Иногда Вера Ильинична, рискуя навлечь на себя недовольство Иланы и Семёна, открывала под вечер дверь, впускала Пятраса на кухню, доставала из "Эдвардаса" початую (в кои-то веки) бутылку и наливала ему шкалик. Варанаускас в пьяном и благодарном изумлении залпом опрокидывал его, наспех закусывал дармовым бутербродом и в надежде на повторную порцию пускался в неторопливые и негромкие рассуждения о том, какой непоправимый вред причинили русские и евреи в сороковом году его родной и независимой Литве.

- Ты, поне Вижанскене, не обижайся. Лично к тебе у меня никаких претензий нет. Хотя ты и чистокровная русская, ты хороший человек, и дочь твоя - хороший человек, и зять твой - парень ничего, хотя они и евреи. И все-таки я тебе прямо скажу - это вы… вы в сороковом году изнасиловали Литву… Кто советские танки ввел? Русские. Кто броню целовал?

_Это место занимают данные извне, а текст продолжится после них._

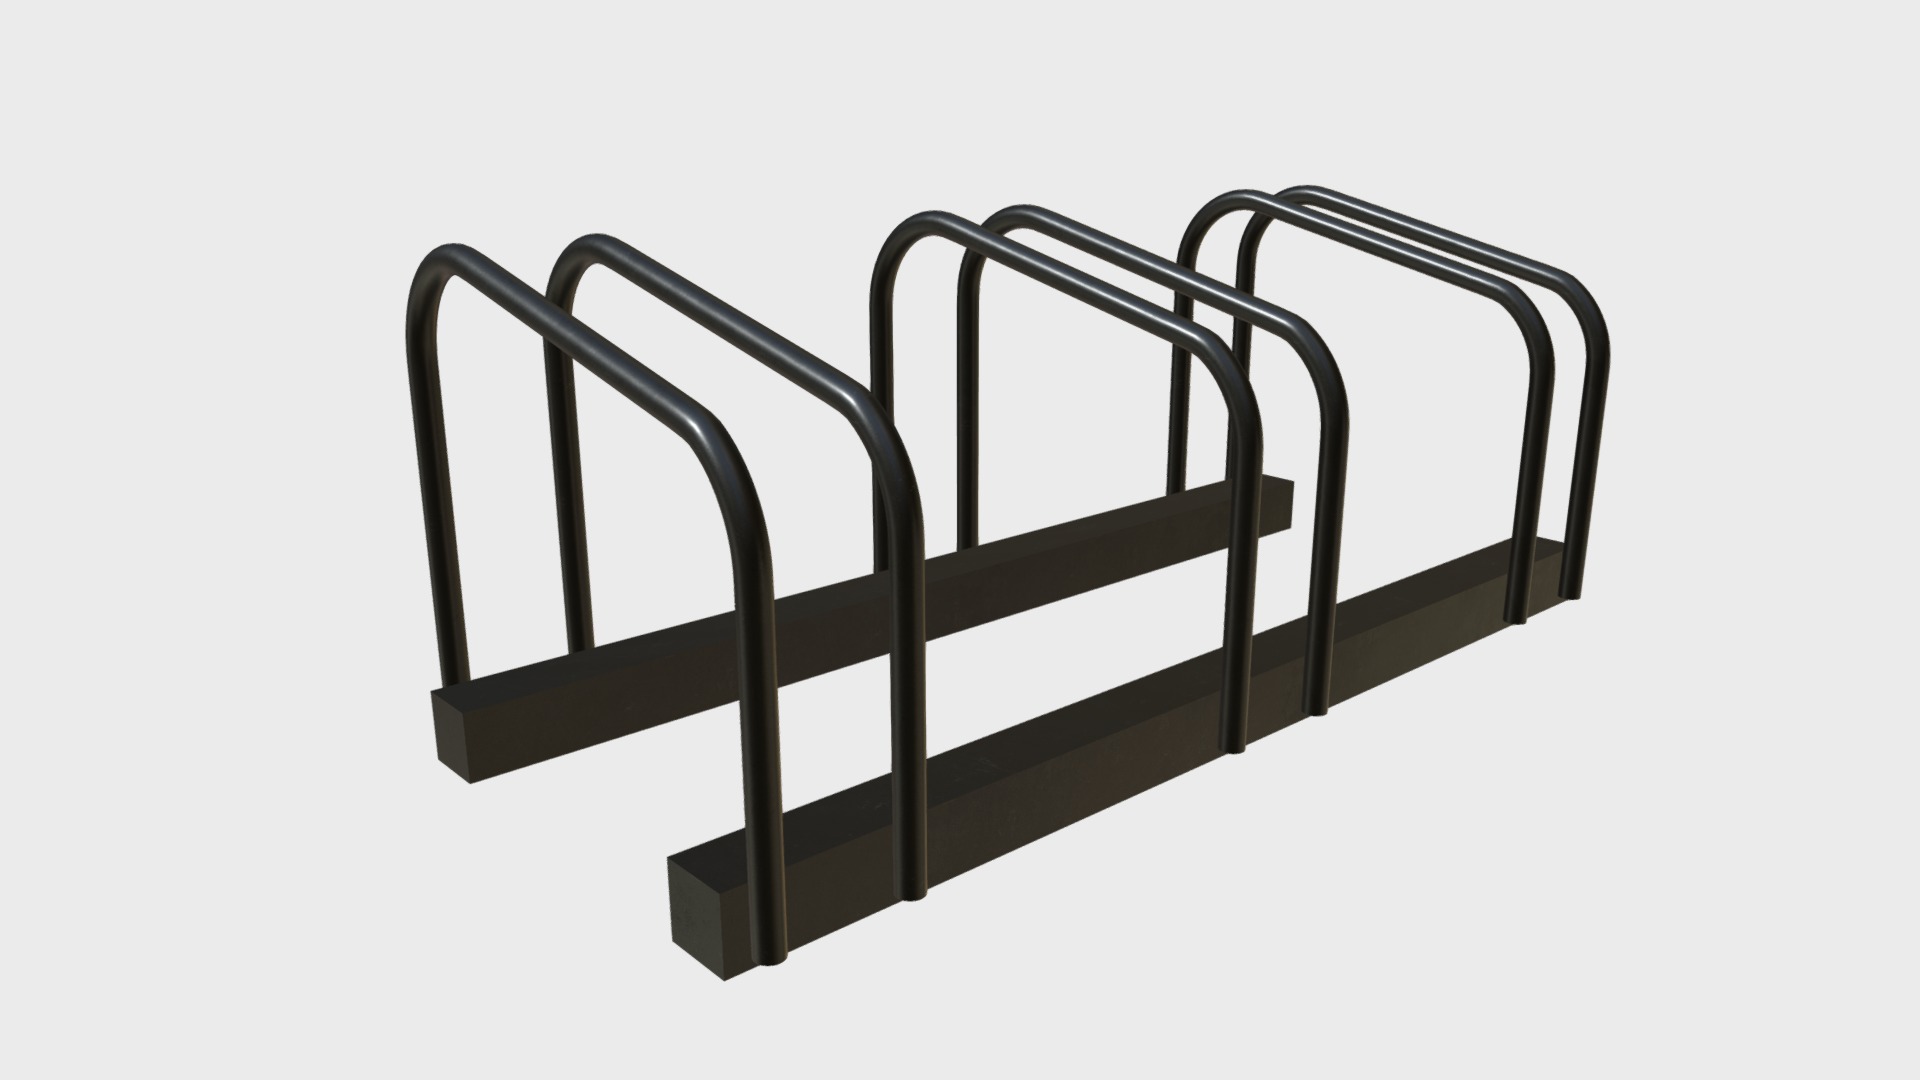 3D model Bicycle racks 2 - This is a 3D model of the Bicycle racks 2. The 3D model is about a black chair with a metal frame.

Евреи… Факты, как говорят, упрямая вещь… Ты, поне Вижанскене, например, сама откуда к нам приехала?

- С Урала.

- Почему тебе, скажи, не собрать свои вещички и не возвратиться обратно? Почему твоим детям и внуку, если они не захотят с тобой на Урал, не податься в Израиль?.. Каждый, я так понимаю, должен жить среди своих. Правильно? Среди своих… Негры среди негров, евреи среди евреев… и так далее. Я так понимаю - кивая головой, поддерживал самого себя разомлевший Варанаускас и косился на бутылку. - Можно еще капельку? Опрокину и - домой… матч смотреть… С Сабонисом… Если хочешь, чтоб я за тебя в нашей, а не в вашей Литве слово замолвил, налей еще шкалик!

- Ступай, Пятрас, домой. Тебе матч смотреть, а мне рано вставать. Выпьешь в другой раз. Водка не киснет. А что до русских, то, будь моя воля, давно бы их всех отсюда увела. Всех… И пошла бы в первом ряду с песней. Но, боюсь, в Кремле моё пенье не поймут.

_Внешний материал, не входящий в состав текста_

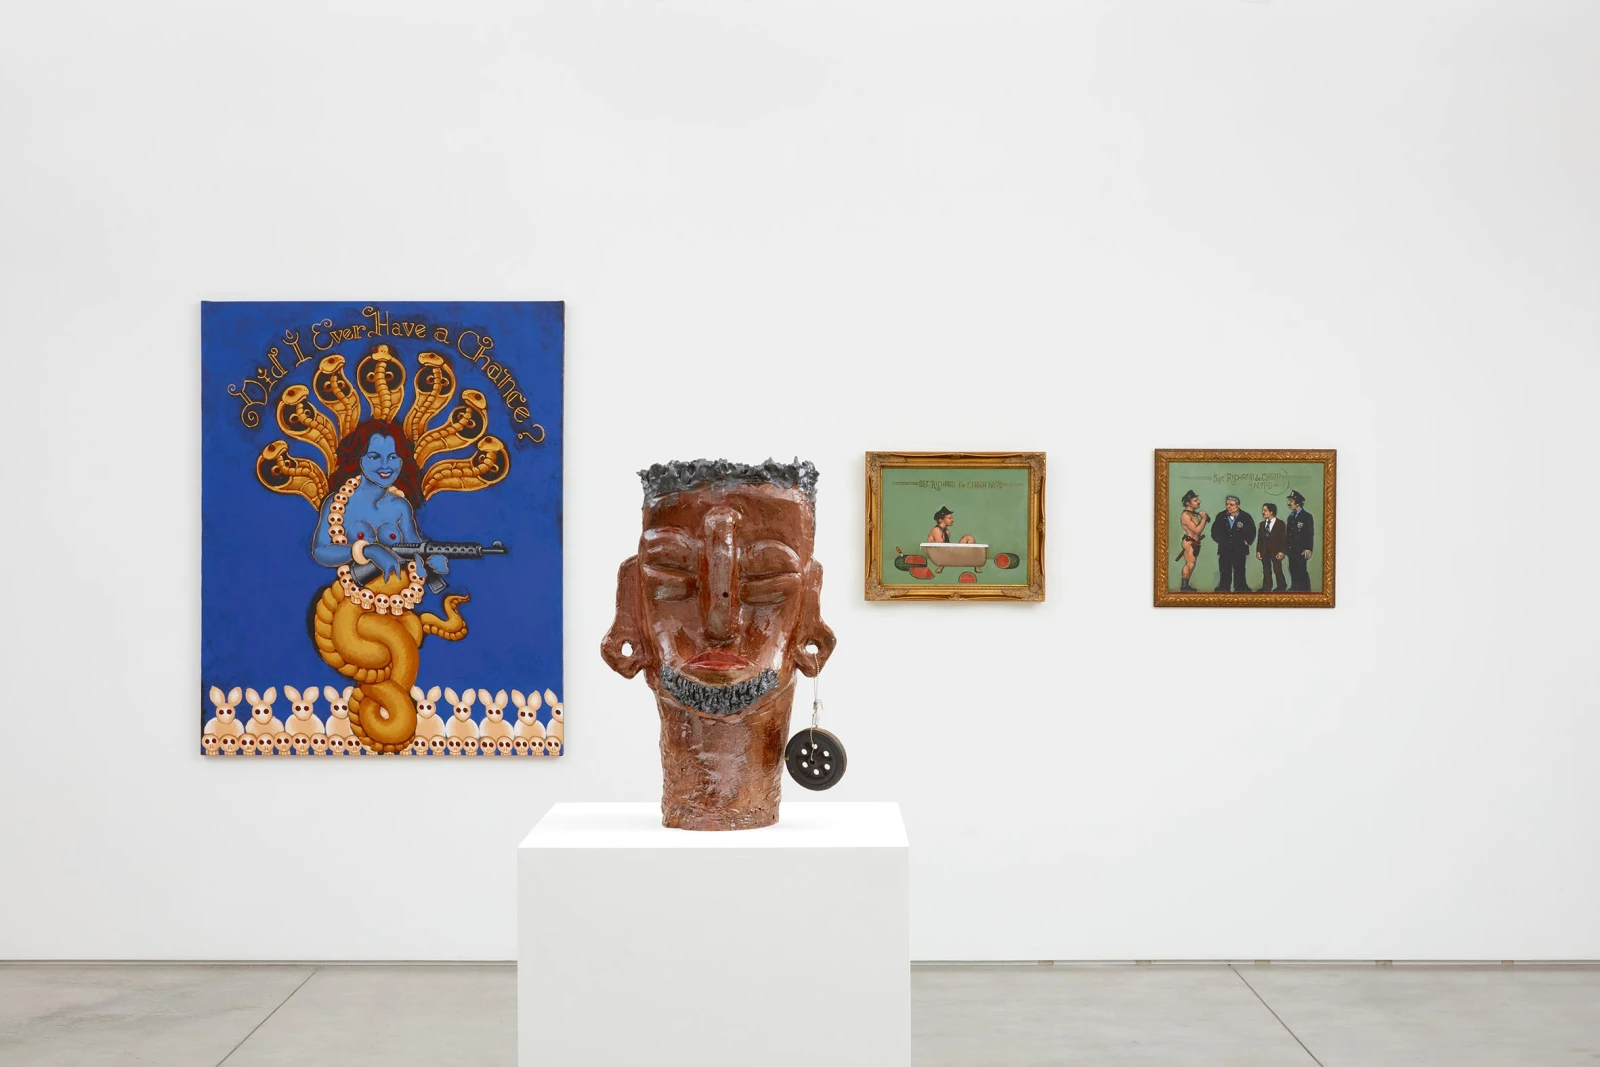 <p>Installation view: 'Did I Ever Have a Chance?', Group Exhibition, Marc Selwyn Fine Art in collaboration with Gordon Robichaux, Los Angeles, CA (2020). <span>Photo by Paul Salveson.</span></p>

До провозглашения в Литве желанной независимости Варанаускас ещё сдерживал свой пыл, агитировал с оглядкой, скорее дружески-пренебрежительно, чем злостно, но после того, как Кремль вывел из республики свои войска, гнев Пятраса против оккупантов и погубителей Литвы вытек на улицу - в подпитии баламут выходил в соседний сквер, забирался на юное деревцо свободы и, подражая новым вождям Литвы, выплескивал на детские коляски, на волейбольную площадку, на седину и перхоть пенсионеров один спелый лозунг за другим. - Red Army, go home! Russian, go home! Услышав от дворника, что Портновы-Вижанские собираются в Израиль, Варанаускас первый поспешил их поздравить. Наконец-то! Все бы так! Русские - на Урал! Евреи - в Израиль! Поляки - в Варшаву! Но поскольку все радости Пятраса чем-то смахивали на употребляемые им напитки (их всегда было мало), ему хотелось, чтобы эту новость подтвердила сама поне Вижанскене. Поне Вижанскене не станет врать. Если она подтвердит, то по такому случаю, как русские говорят, можно будет выпить с ней на посошок.

- Слышал, поне Вижанскене, вы собираетесь нас покинуть…

- Собираюсь. Как только квартиру найду, так и перееду. Придется, Пятрас, теперь за шкаликом стучаться в другие двери…

- На новую квартиру? А дворник наш… Пранас… говорит, что вы… всей семьей как будто туда… в Израиль, - разочарованно прогудел Варанаускас.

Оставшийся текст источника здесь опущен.